This laissez-faire principle gets in the way when you try to establish
a server that is entirely driven by dynamic components and the number
of hits is significant.
If the number of hits is not significant, don't bother to read this
document.
If the number of hits is significant, you might want to consider what
cache-friendliness means (you may also want to read
L<[4]|guide::correct_headers/_4_>) and how you can cooperate with caches to
increase the performance of your site. Especially if you use Squid in
accelerator mode (helpful hints for Squid, see
L<[1]|guide::correct_headers/_1_>), you will have a strong motivation to
cooperate with it. This document may help you to do it correctly.
=head1 Which Headers
The HTTP standard (v 1.1 is specified in L<[3]|guide::correct_headers/_3_>, v
1.0 in L<[2]|guide::correct_headers/_2_>) describes lots of headers. In this
document, we only discuss those headers which are most relevant to
caching.
I have grouped the headers into three groups: date headers,
content headers, and the special Vary header.
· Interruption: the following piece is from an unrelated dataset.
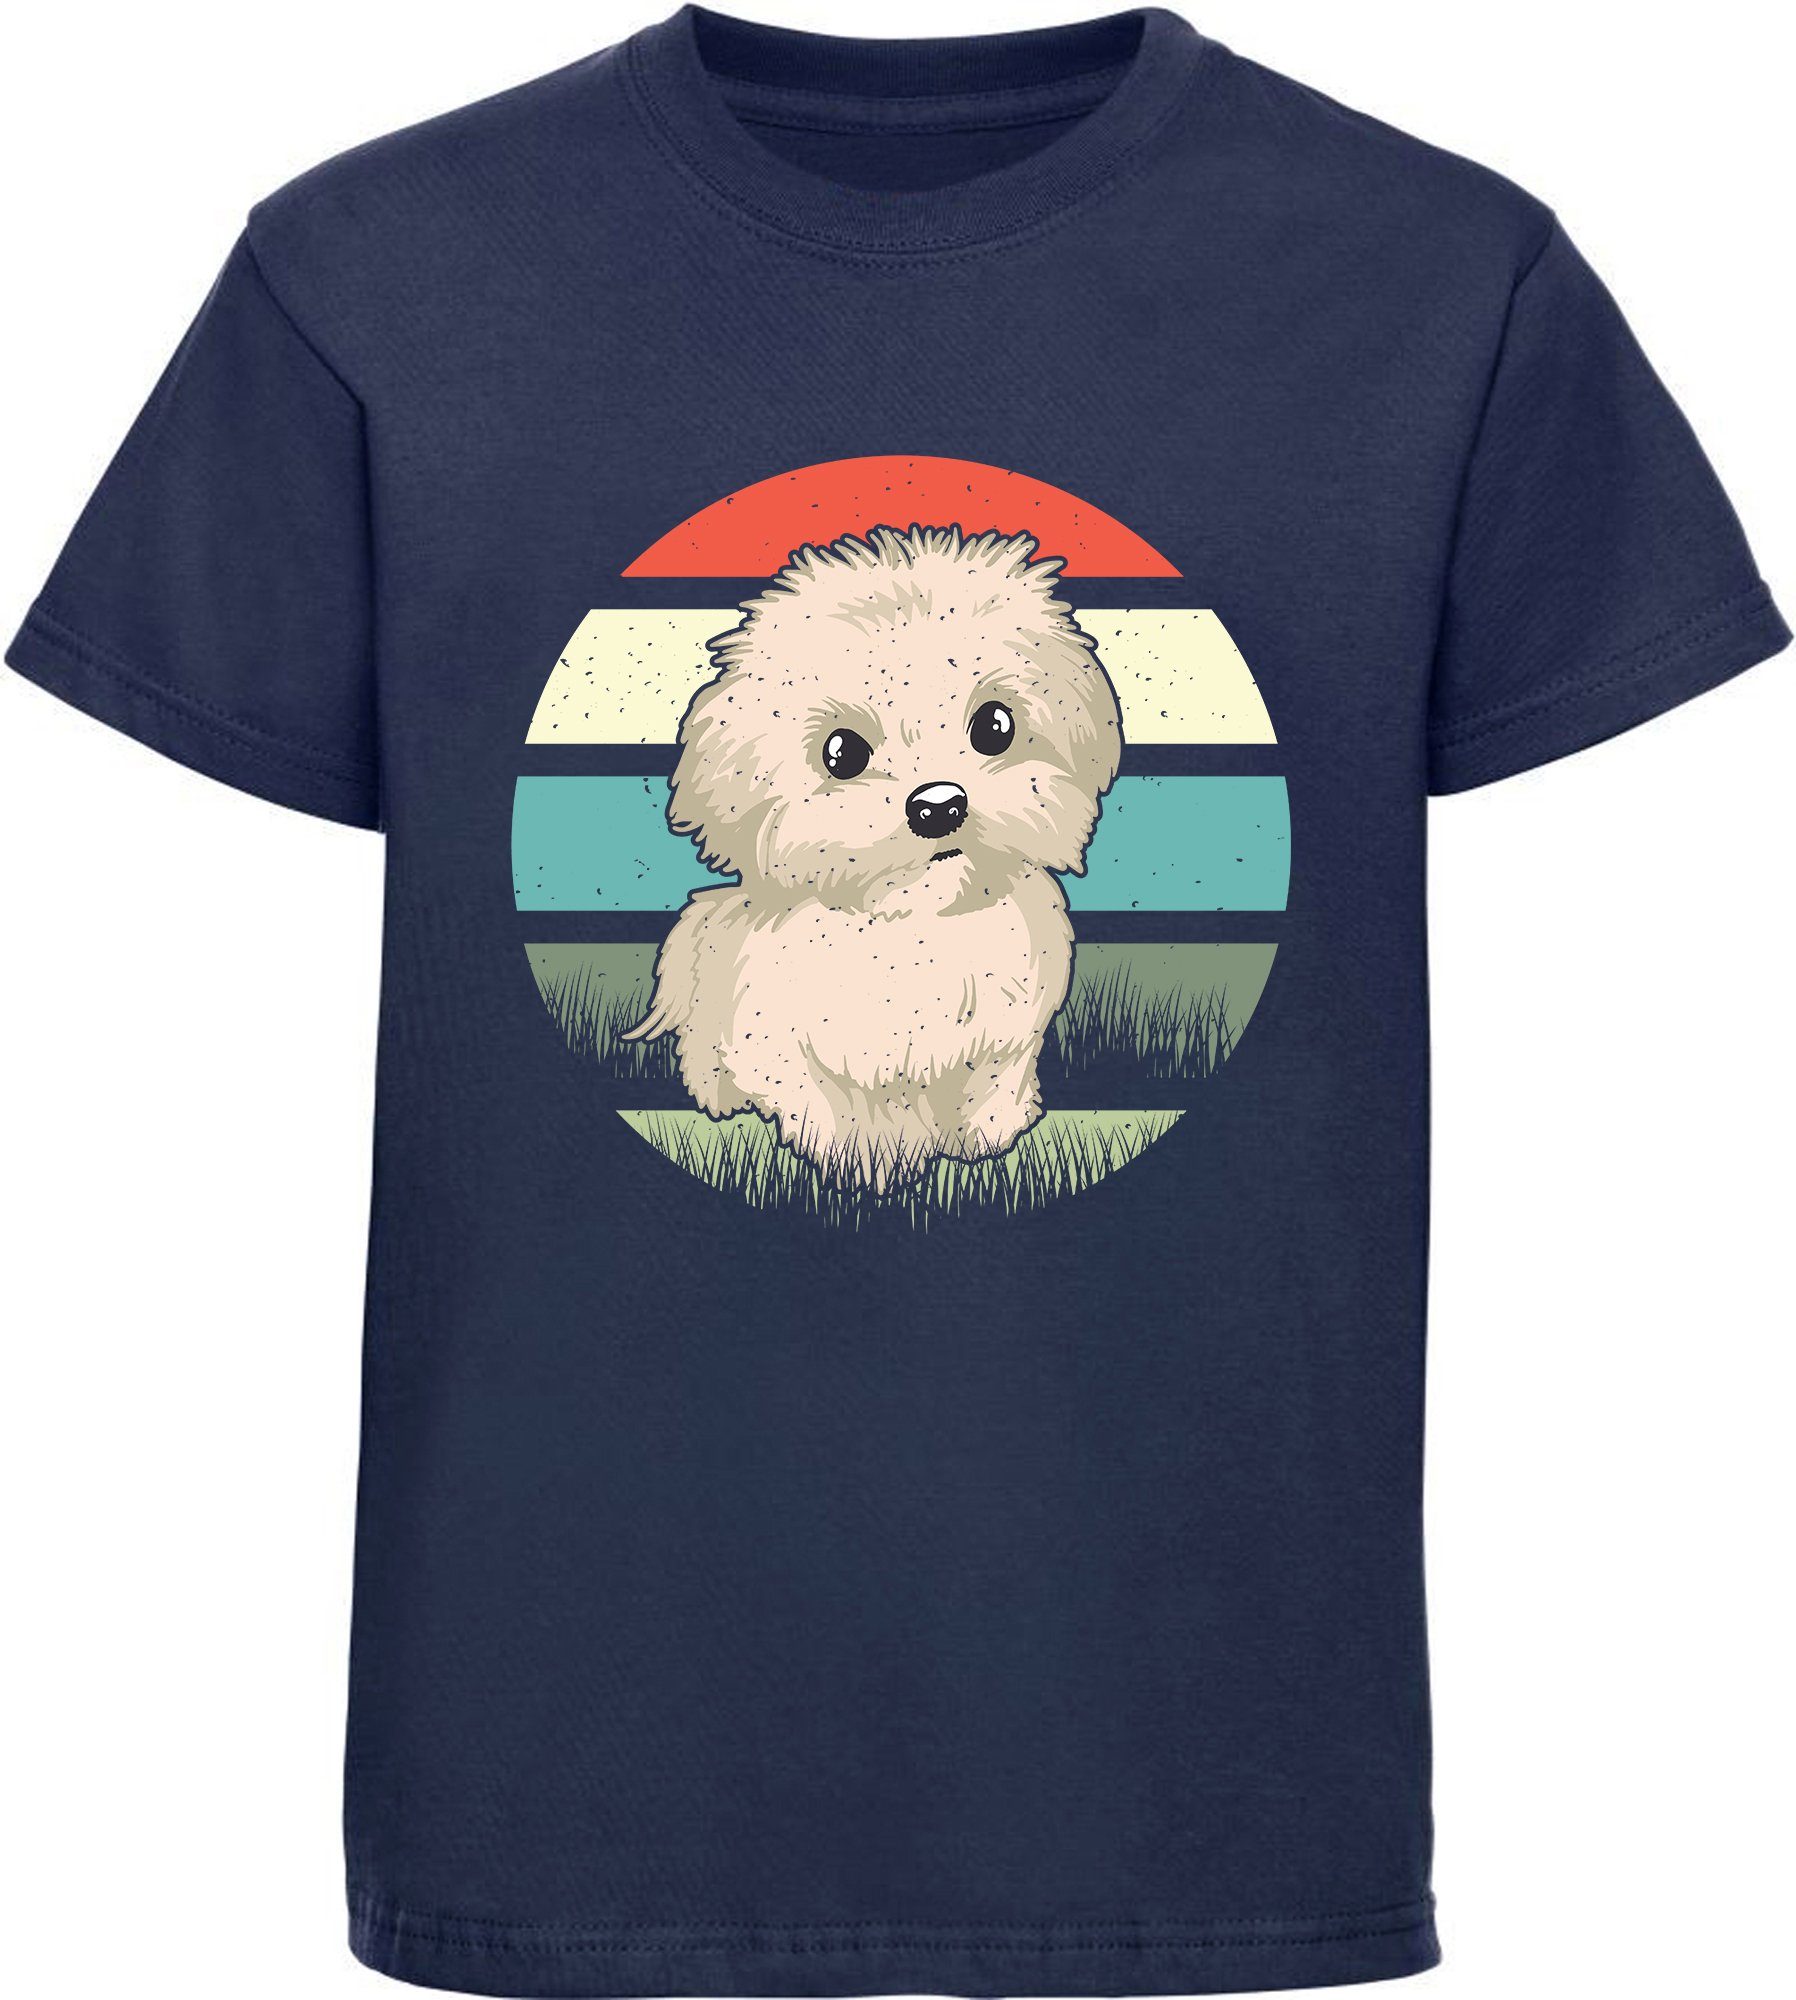 Print-Shirt Aufdruck, navy i242 Malteser Retro Kinder T-Shirt mit blau - Welpen bedruckt MyDesign24 Baumwollshirt Hunde

=head2 Date Related Headers
=head3 Date
Section 14.18 of the HTTP standard deals with the circumstances under
which you must or must not send a C<Date> header. For almost
everything a normal mod_perl user is doing, a C<Date> header needs to
be generated. But the mod_perl programmer doesn't have to worry about
this header since the Apache server guarantees that this header is
sent.
In C<http_protocol.c> the C<Date> header is set according to
C<$r-E<gt>request_time>. A mod_perl script can read, but not change,
C<$r-E<gt>request_time>.
=head3 Last-Modified
Section 14.29 of the HTTP standard deals with this. The
C<Last-Modified> header is mostly used as a so-called weak
validator. Here are two sentences from the HTTP specs:
A validator that does not always change when the resource
changes is a "weak validator."
One can think of a strong validator as one that changes
whenever the bits of an entity changes, while a weak value
changes whenever the meaning of an entity changes.
This tells us that we should consider the semantics of the page we are
generating and not the date when we are running. The question is,
when did the B<meaning> of this page change last time? Let's imagine
the document in question is a text-to-gif renderer that takes as input
a font to use, background and foreground colours, and a string to
render. Although the actual image is created on-the-fly, the
semantics of the page are determined when the script was last changed,
right?
Actually, a few more things are relevant: the semantics also change a
little when you update one of the fonts that may be used or when you
update your C<ImageMagick> or equivalent program. It's something you
should consider, if you want to get it right.
If you have a page which comprises several components, you should ask
all the components when they changed their semantic behaviour last
time. Then pick the oldest of those times.
mod_perl offers you two convenient methods to deal with this header:
update_mtime() and set_last_modified(). These methods and several
others are unavailable in the normal mod_perl environment but are
silently imported when you use C<Apache::File>. Refer to the
C<Apache::File> manpage for more info.
update_mtime() takes a UNIX time as its argument and sets Apache's
request structure finfo.st_mtime to this value. It does so only when
the argument is greater than a previously stored C<finfo.st_mtime>.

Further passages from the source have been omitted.